Building a tandem bicycle from 2 different frames.

Discussion in 'General Bike Discussion' started by funetical, Nov 9, 2009.

  1. funetical

    funetical Slowin it up.

    I have a couple of bike frames sitting here at the house and I was wondering if anybody had tried to extend a frame into a tandem by merging two or more frames together? I think it's either build a tandem or a tall bike. I think the tall bike would be easy, I just won't have a use for it not needing attention and all.
  2. HandsomeRyan

    HandsomeRyan ♥'s Bicycles

    This is not entirely uncommon. I think the best writeup about it is by the late great Sheldon Brown...

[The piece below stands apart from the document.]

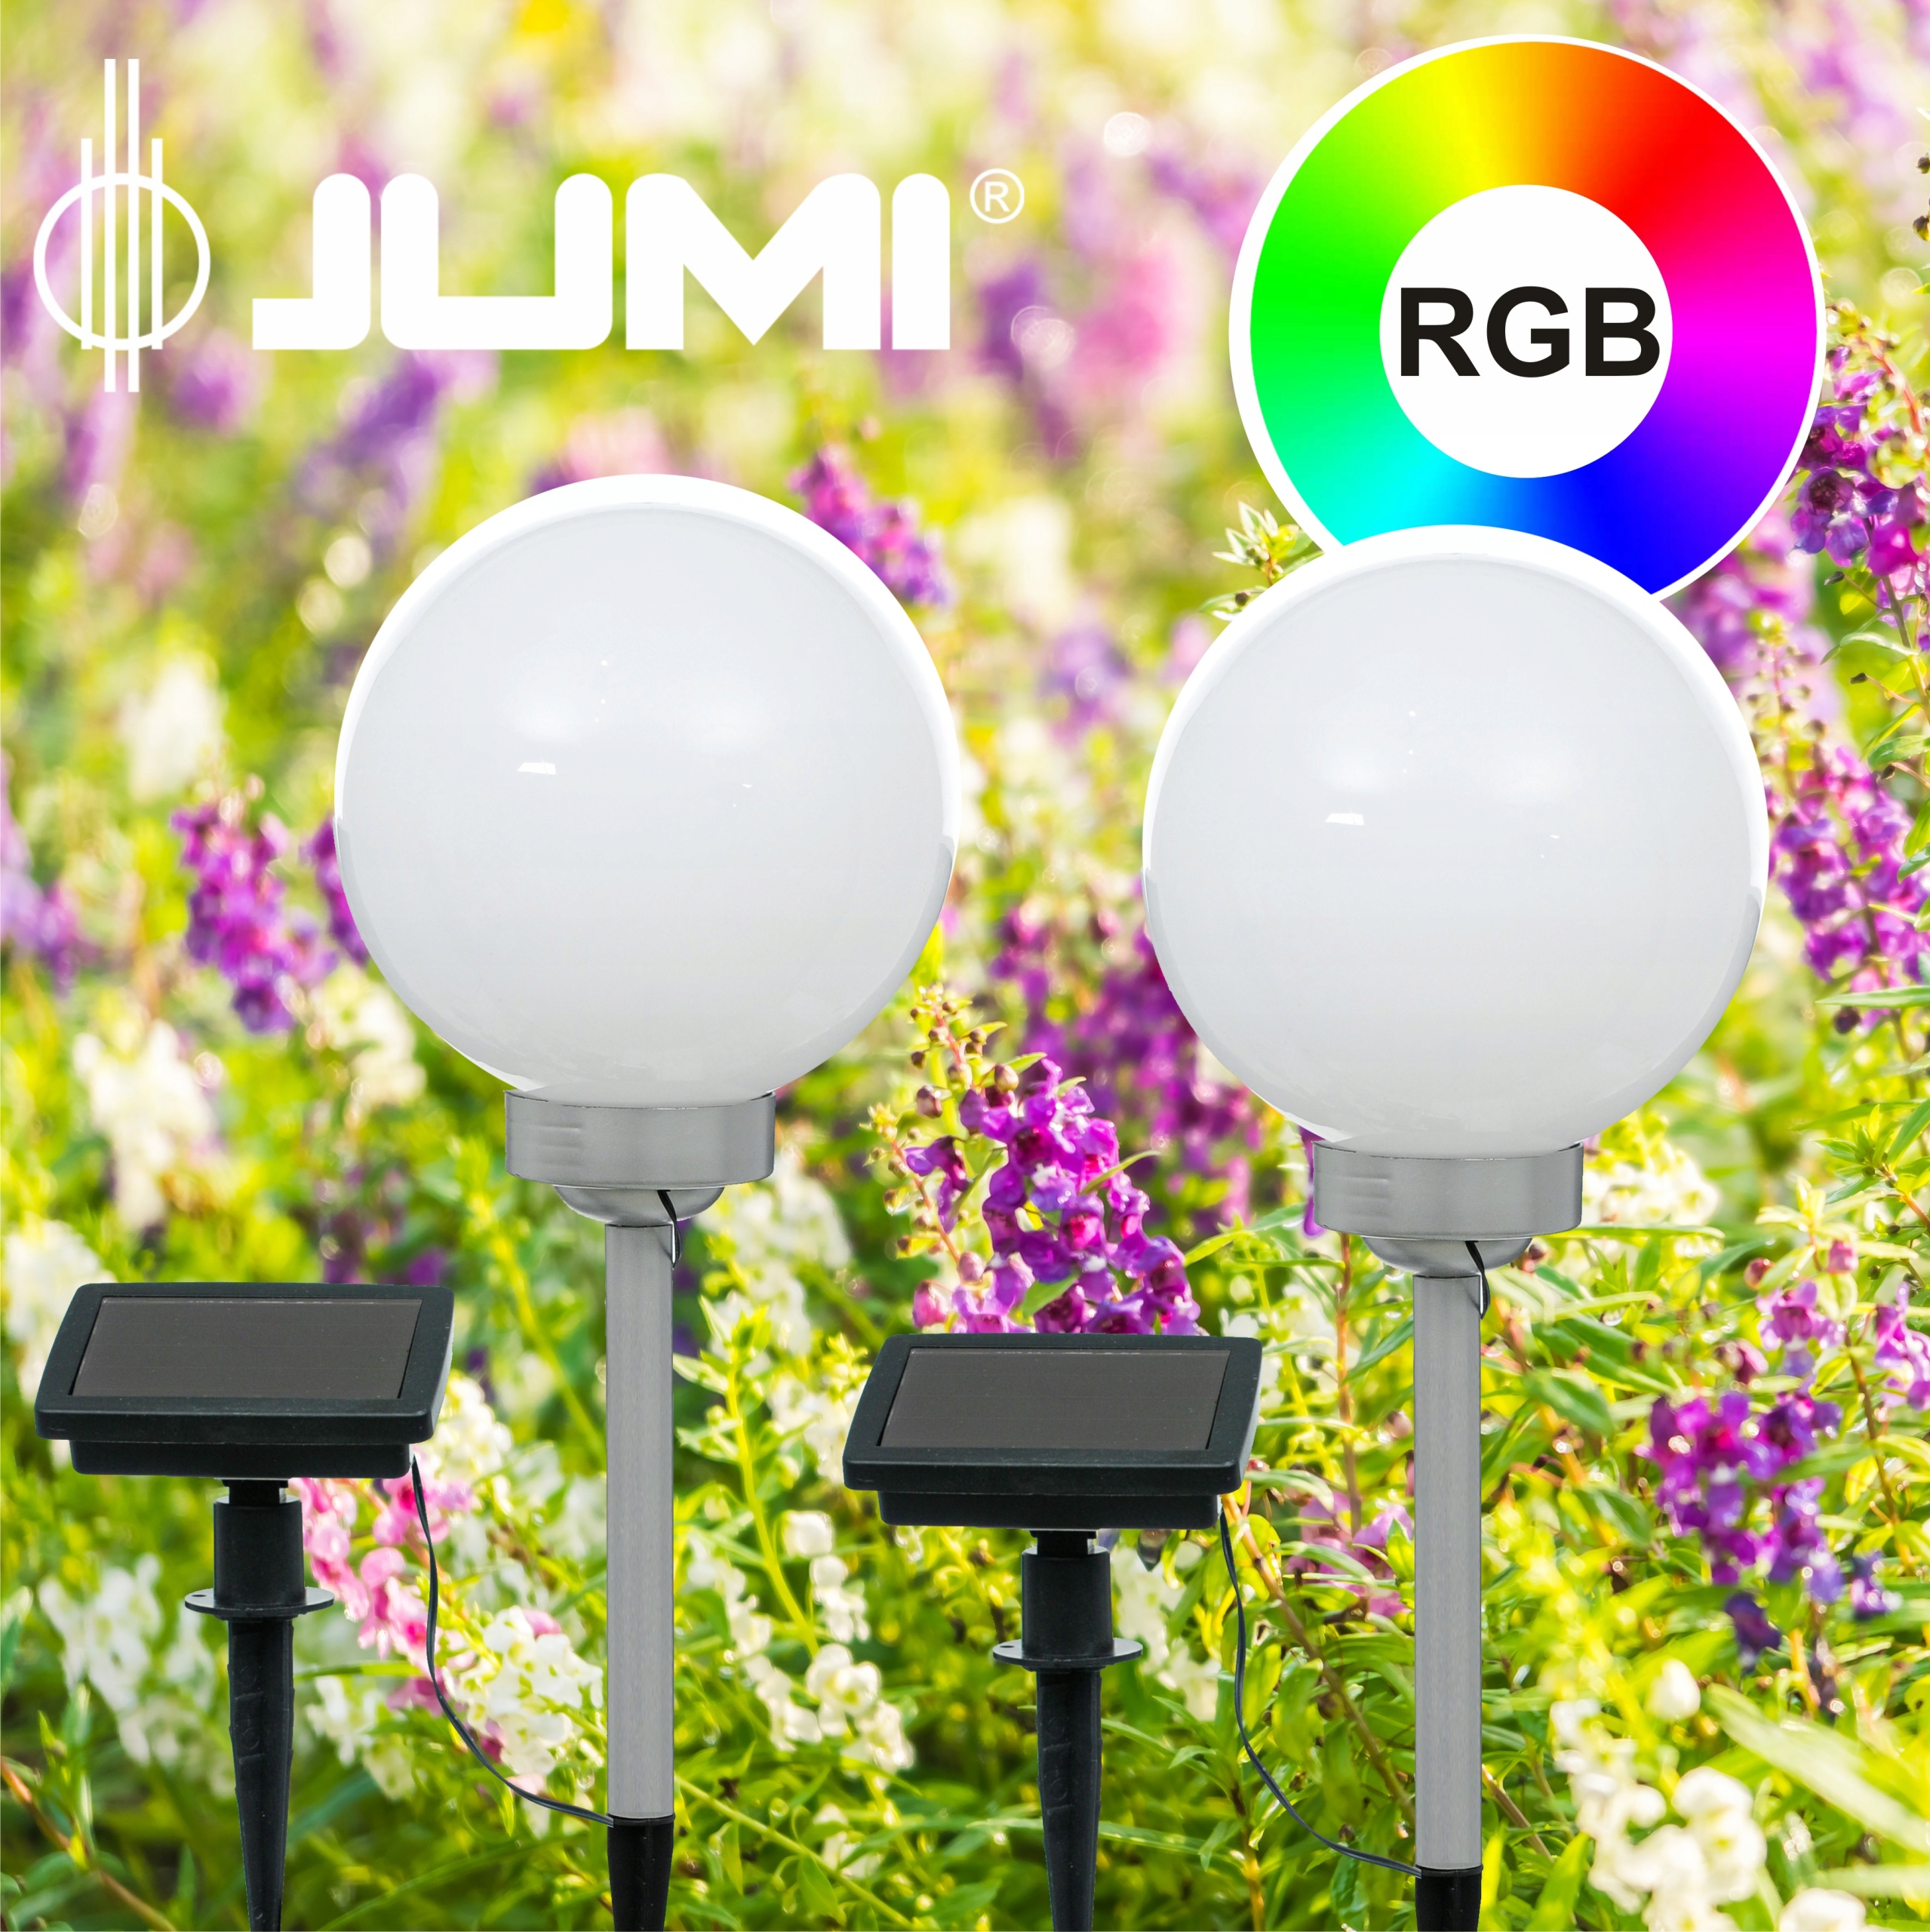 2 Szt Lampa Solarna Kula Rgb Lampy Solarne Komplet

    Home-Built Tandem Bicycles


  3. Industry_Hack

    Industry_Hack Total noob (& forum admin) Admin Staff Tavern Member

    Building one at home sounds like fun. I contacted a frame builder that specialized in titanium, gave them my specs (17/15, disc mounts, 6 S&S couplers, etc.) and waited for a CAD drawing. Made some changes, finally approved drawing number three. Flew from Australia to the US with the family, made a trip to the wheel builder, ATC Racing, and Performance Bike Shop. Also ordered a bunch of stuff from that Nutt at MTB Tandems, Alex. After about six months of planning and collecting parts, along with about AU$8k, I had a really sweet MTB tandem. And no, that did not include airfare. The bike shop I worked at did the math, and figured I saved about AU$4k doing it myself.

    Your idea sounds more practical.
  4. adlondon

    adlondon New Member

    I looked into this process for a long time. This link
    brilliantly simple tandem bike
    was the simplest and cheapest way I found. It's not a traditional tandem by any means, as it has 3 wheels and is basically two working bikes put together. However, I thought about going the route you suggested and came across these plans How to build a tandem. I have no experience in welding, let alone access to a welder, so I decided to build the first one with three wheels. I bought an older Trek from goodwill, and as I was about to get started, came across a Huffy Savannah Tandem Cruiser on craigslist for $100. They run about $250-$300 new and are fairly low maintenance. I ended up getting the one of craigslist, and have been really happy with it. That being said, I would much rather have invested the time into welding two frames, especially because you can be proud of the finished product knowing that you built it.
  5. IanHighfield

    IanHighfield New Member

    funetical, do something different like welding the two bikes side-by-side. Make it fairly narrow to be somewhat practical. It's been done, I'm sure, but I think it would be even cooler than an inline tandem and it might be easier to make too. Put a bunch of cross tubing pieces and X braces attached to whatever part of the bikes you think appropriate or do a Google search and find out how someone else attached it.

    I've had a sidecar ride in a sidecar bicycle. That was a trip. This tandem bike could be similar.